One of BCPO’s major anti-criminality and prevention programs, Oplan Somabat aims to incorporate the movements of all mobile cars and beat patrollers to bring them in different areas of the city where and when their combined strength are most needed as an added strategy to its campaign in decreasing and preventing crimes in the city.
The plan aims to benefit the community in terms of peace and order just like the other police activities like Oplan Cross-Rider, Enhanced Managing Police Operations, and Oplan Tambuli.
Based on the records presented by the BCPO, the operational plans cannot be discounted as an effective strategy in battling crimes. Their intense implementation since 2016 has continuously decreased crime rates, especially theft from 1,385 to 62, and robbery from 334 to 12 as of May this year.

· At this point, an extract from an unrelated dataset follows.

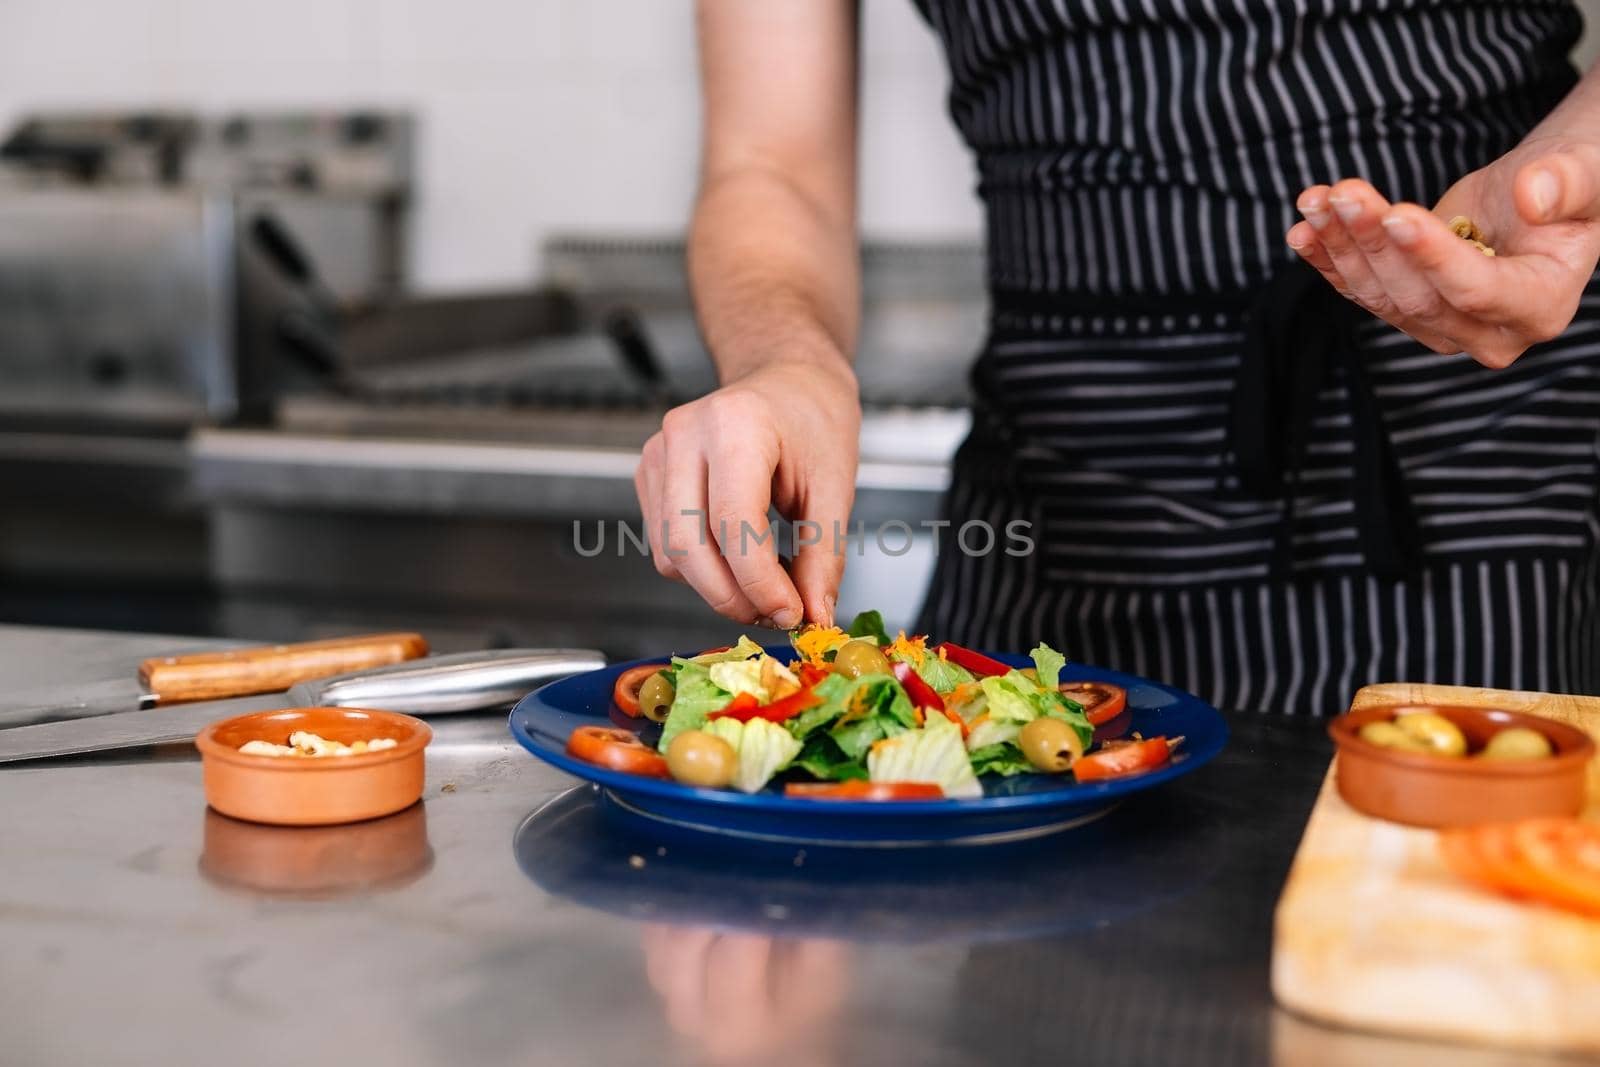 Detail of the hands of a young man, dressed in a black polo shirt and a dark striped apron, placing a salad on a blue plate in a professional kitchen, on a table full of food. The atmosphere is cold and clean, with the backdrop of professional aluminium tables and the fires of the restaurant kitchen.

In Resolution 416, s. 2019, the Land Transportation and Franchising Regulatory Board was urged to conduct an actual ocular inspection, along with concerned punong barangays and a representative from the BCPO, on the submitted sketch and photo of the public uti-lity vehicle garage presented when registering their vehicles.
The request is pursuant to Resolution 203, s. 2015, which urged the LTFRB, the Department of Transportation, and the Land Transportation Office to strictly implement their policy of non-registration or non-renewal of registration of motor vehicles without showing the actual proof of the presence of a garage by its owner.
Adding members to the inspection group is also a way of verifying and ascertaining the integrity/truthfulness of applicants due to reports that many vehicle owners are showing and submitting proofs of garage which are not their own.